# What to produce:
What needs reproducing is the run of lines in the data below starting at the line with "Realistic Lily Drawing, Realistic" and ending at the line with "How to watch", both ends included. Copy it exactly, without pictures, and add nothing.

# Data to examine:
=== Section Start ===

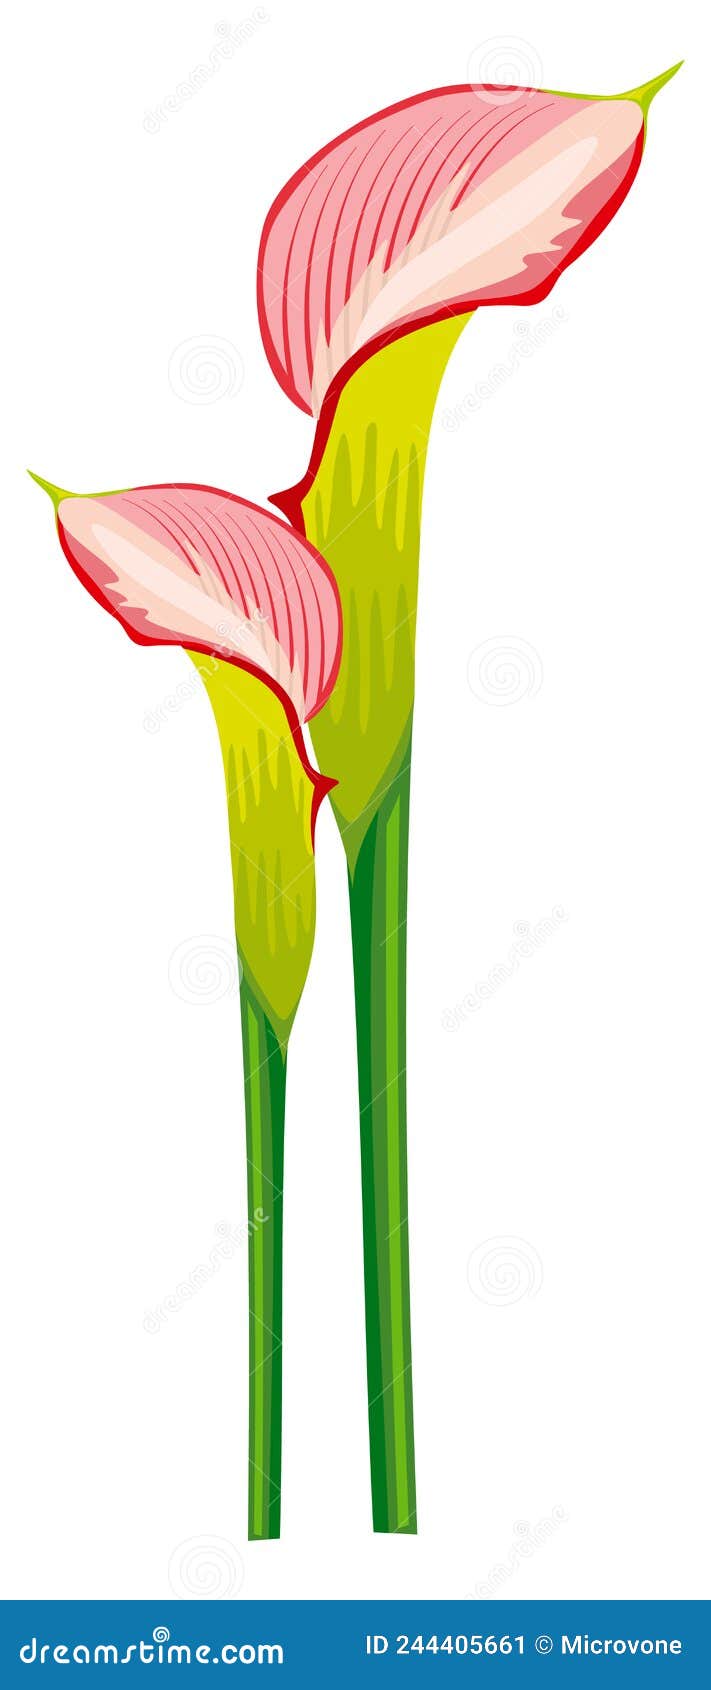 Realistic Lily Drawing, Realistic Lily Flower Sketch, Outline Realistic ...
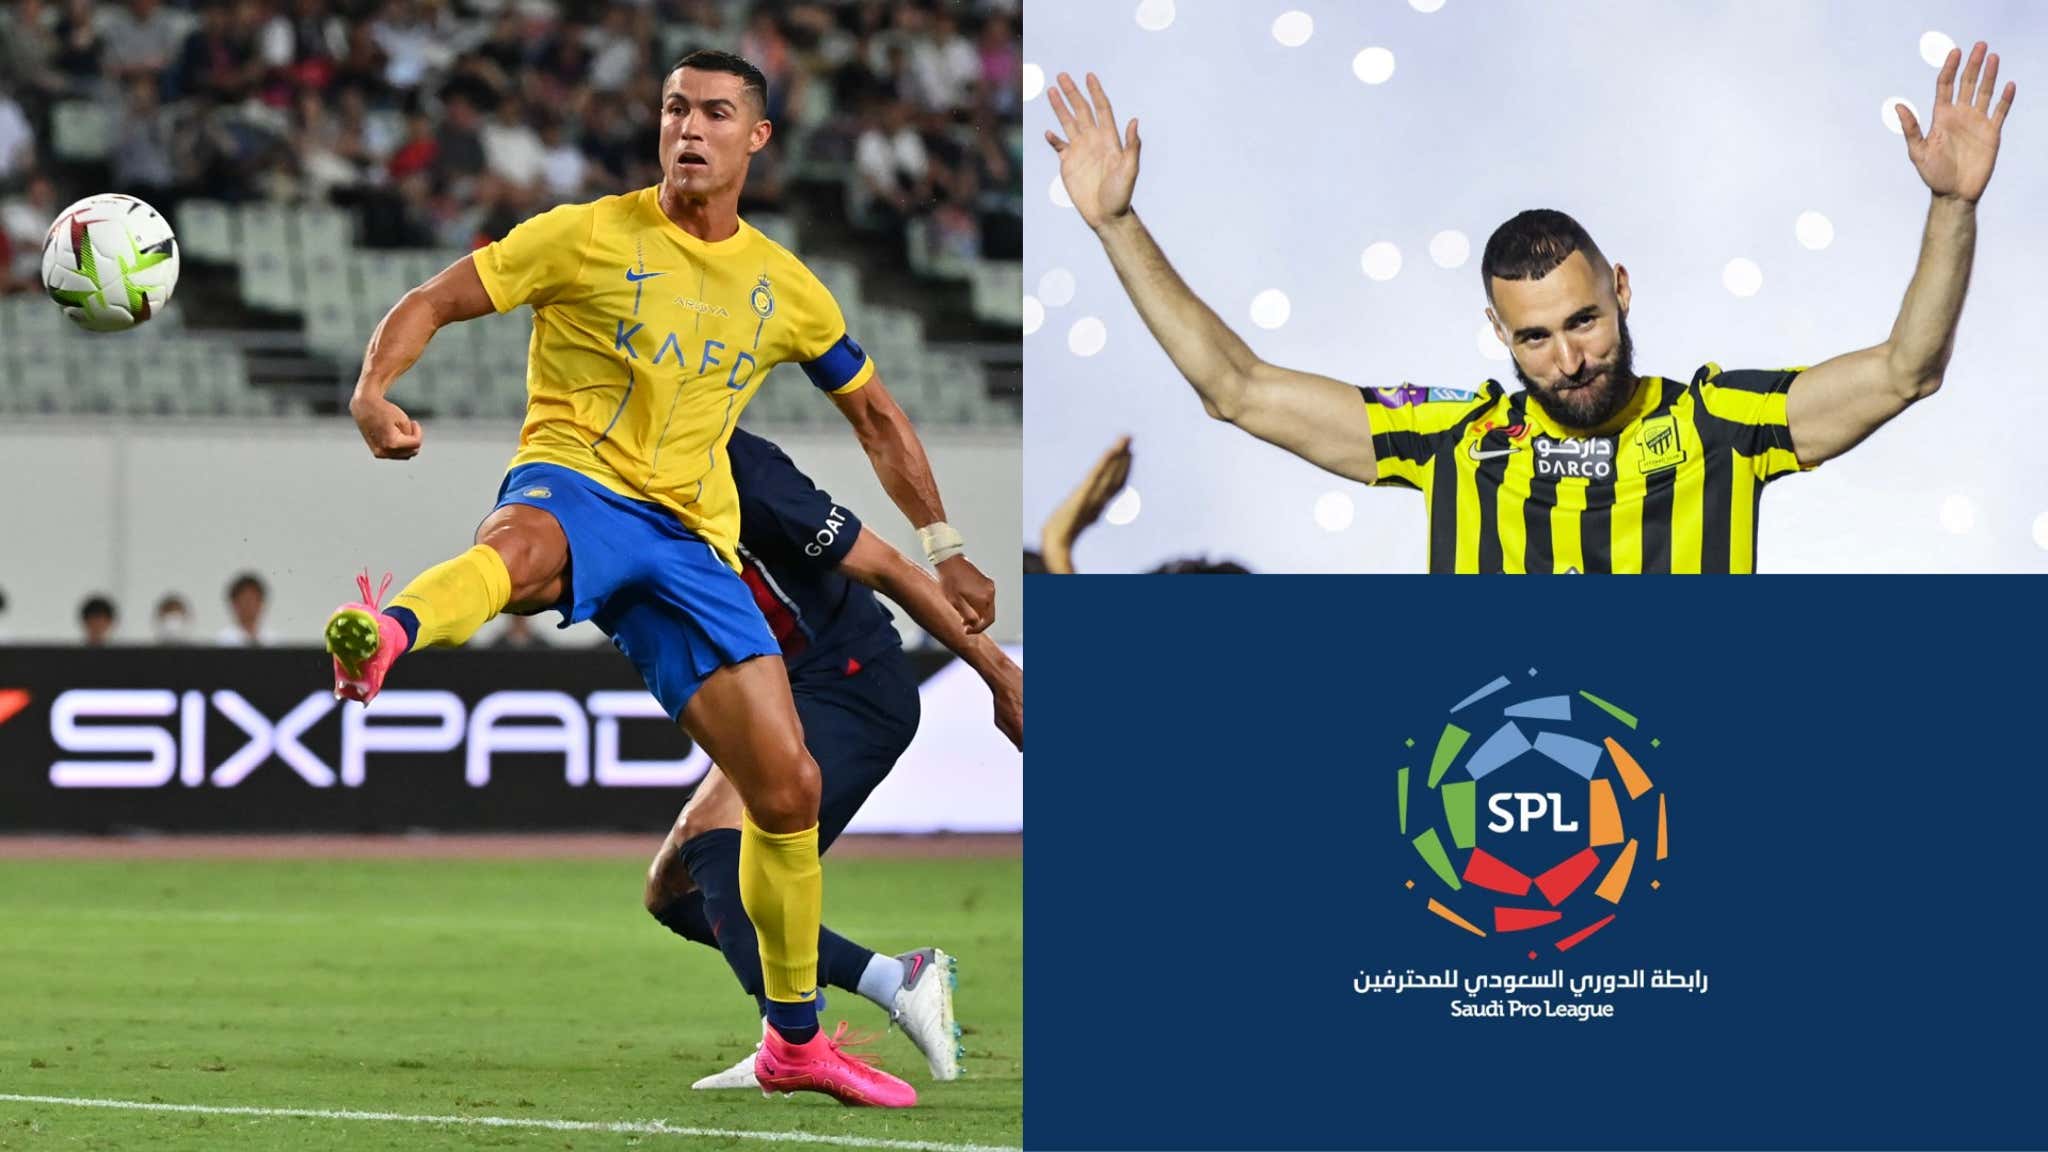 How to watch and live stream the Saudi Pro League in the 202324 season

=== Section End ===
=== Section Start ===

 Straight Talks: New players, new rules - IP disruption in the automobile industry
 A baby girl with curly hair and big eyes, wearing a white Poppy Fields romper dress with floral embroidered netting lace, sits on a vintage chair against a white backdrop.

=== Section End ===
=== Section Start ===

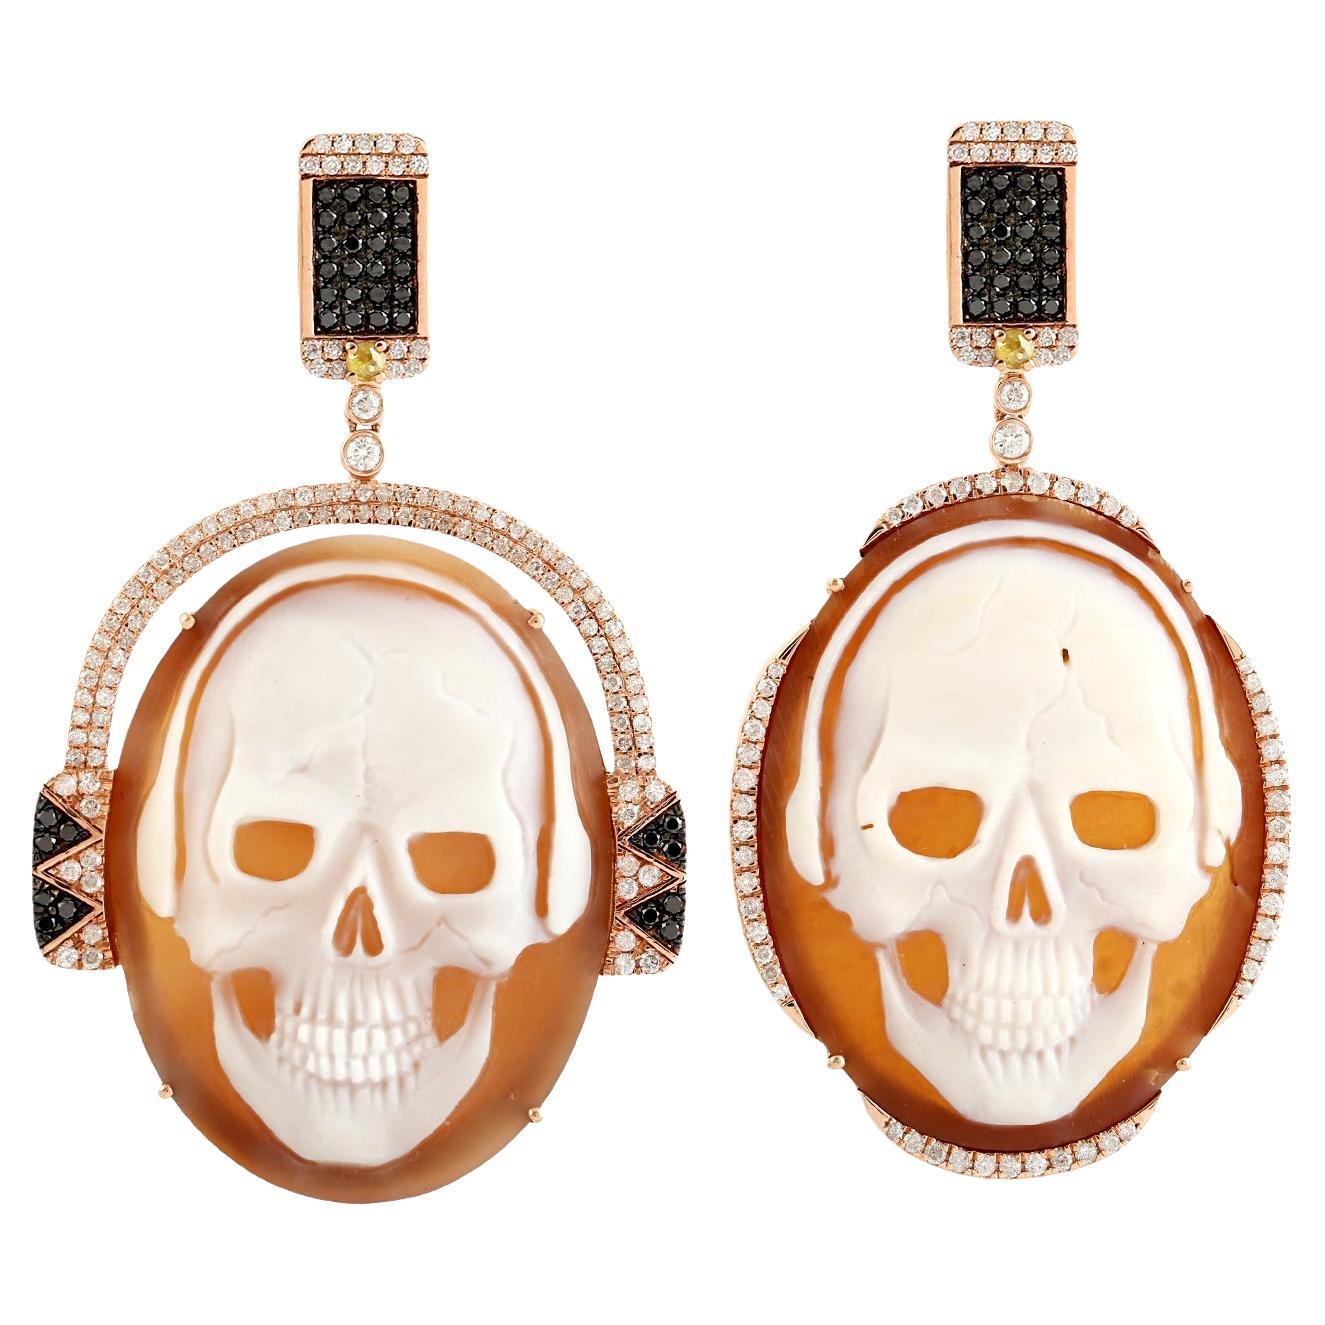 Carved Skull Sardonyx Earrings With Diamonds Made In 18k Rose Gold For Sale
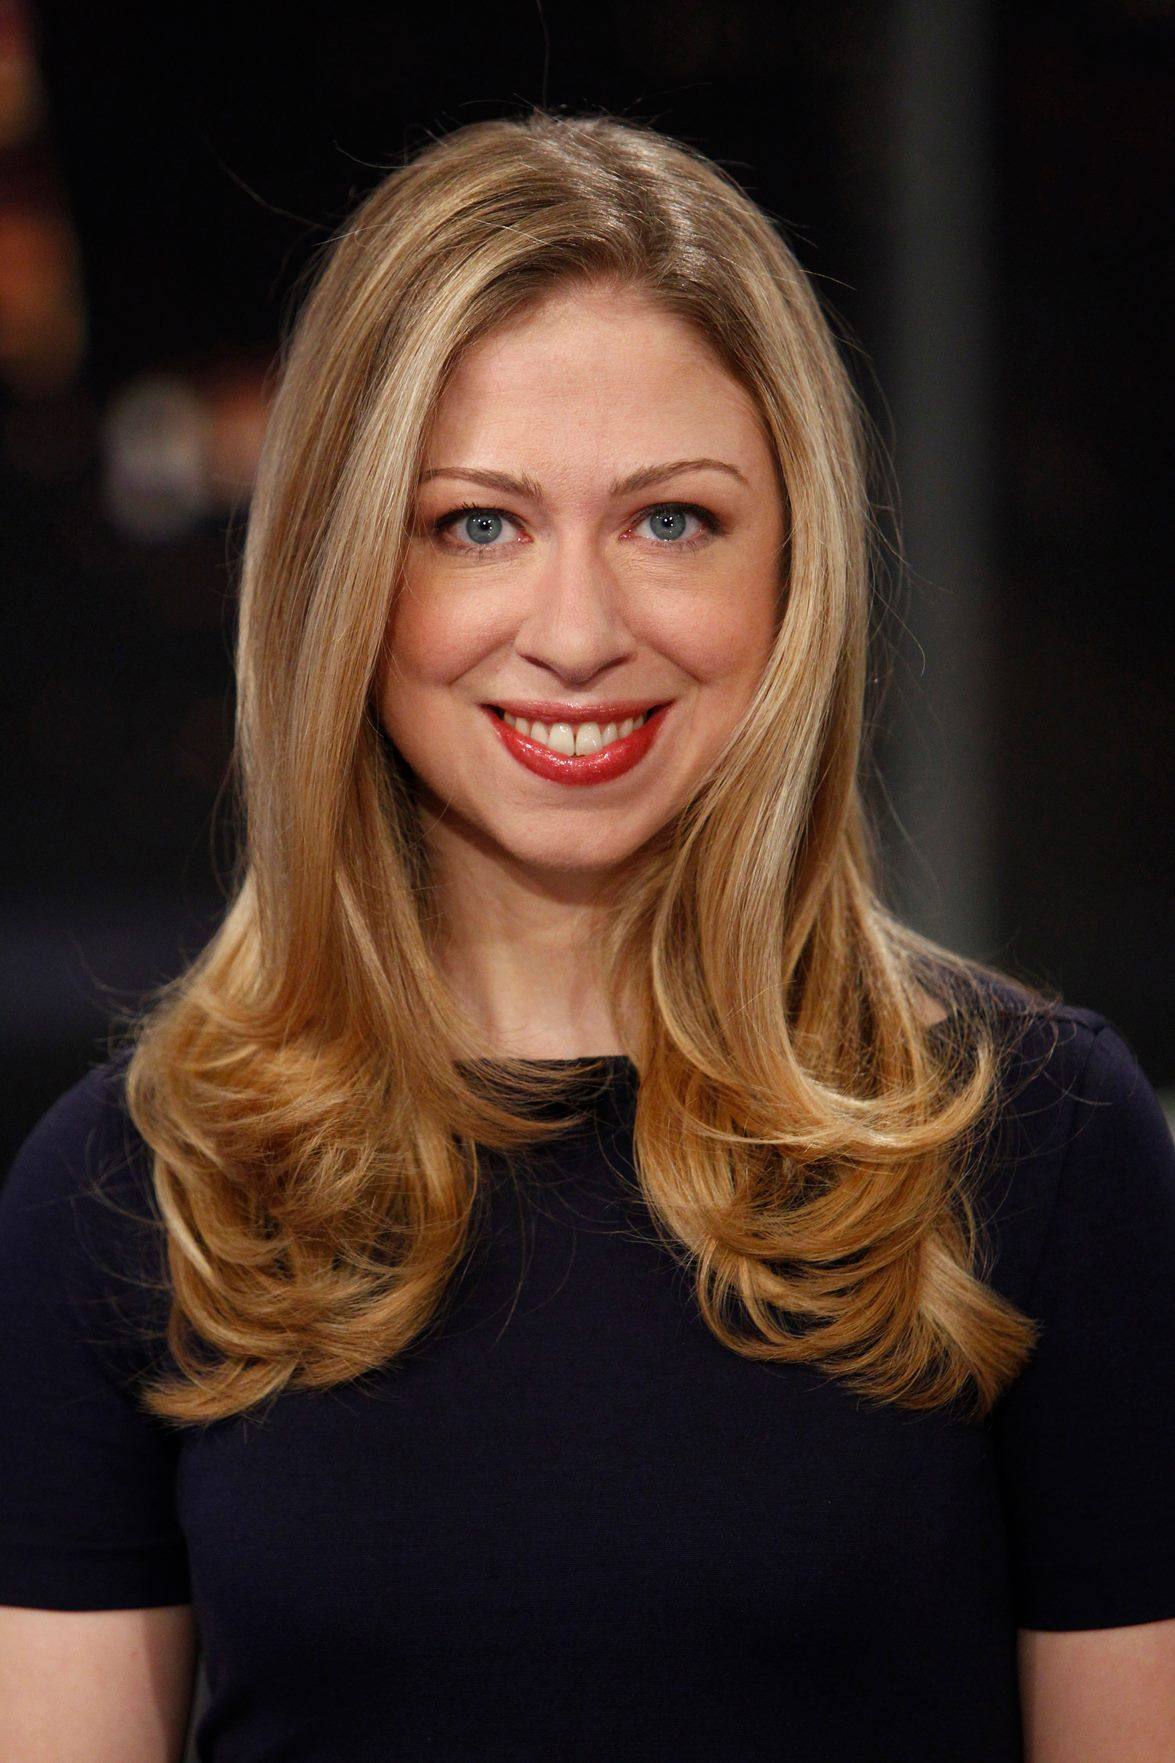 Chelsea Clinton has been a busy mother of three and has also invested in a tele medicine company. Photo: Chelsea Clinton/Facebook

=== Section End ===

# Answer space:
 Realistic Lily Drawing, Realistic Lily Flower Sketch, Outline Realistic ...
 How to watch and live stream the Saudi Pro League in the 202324 season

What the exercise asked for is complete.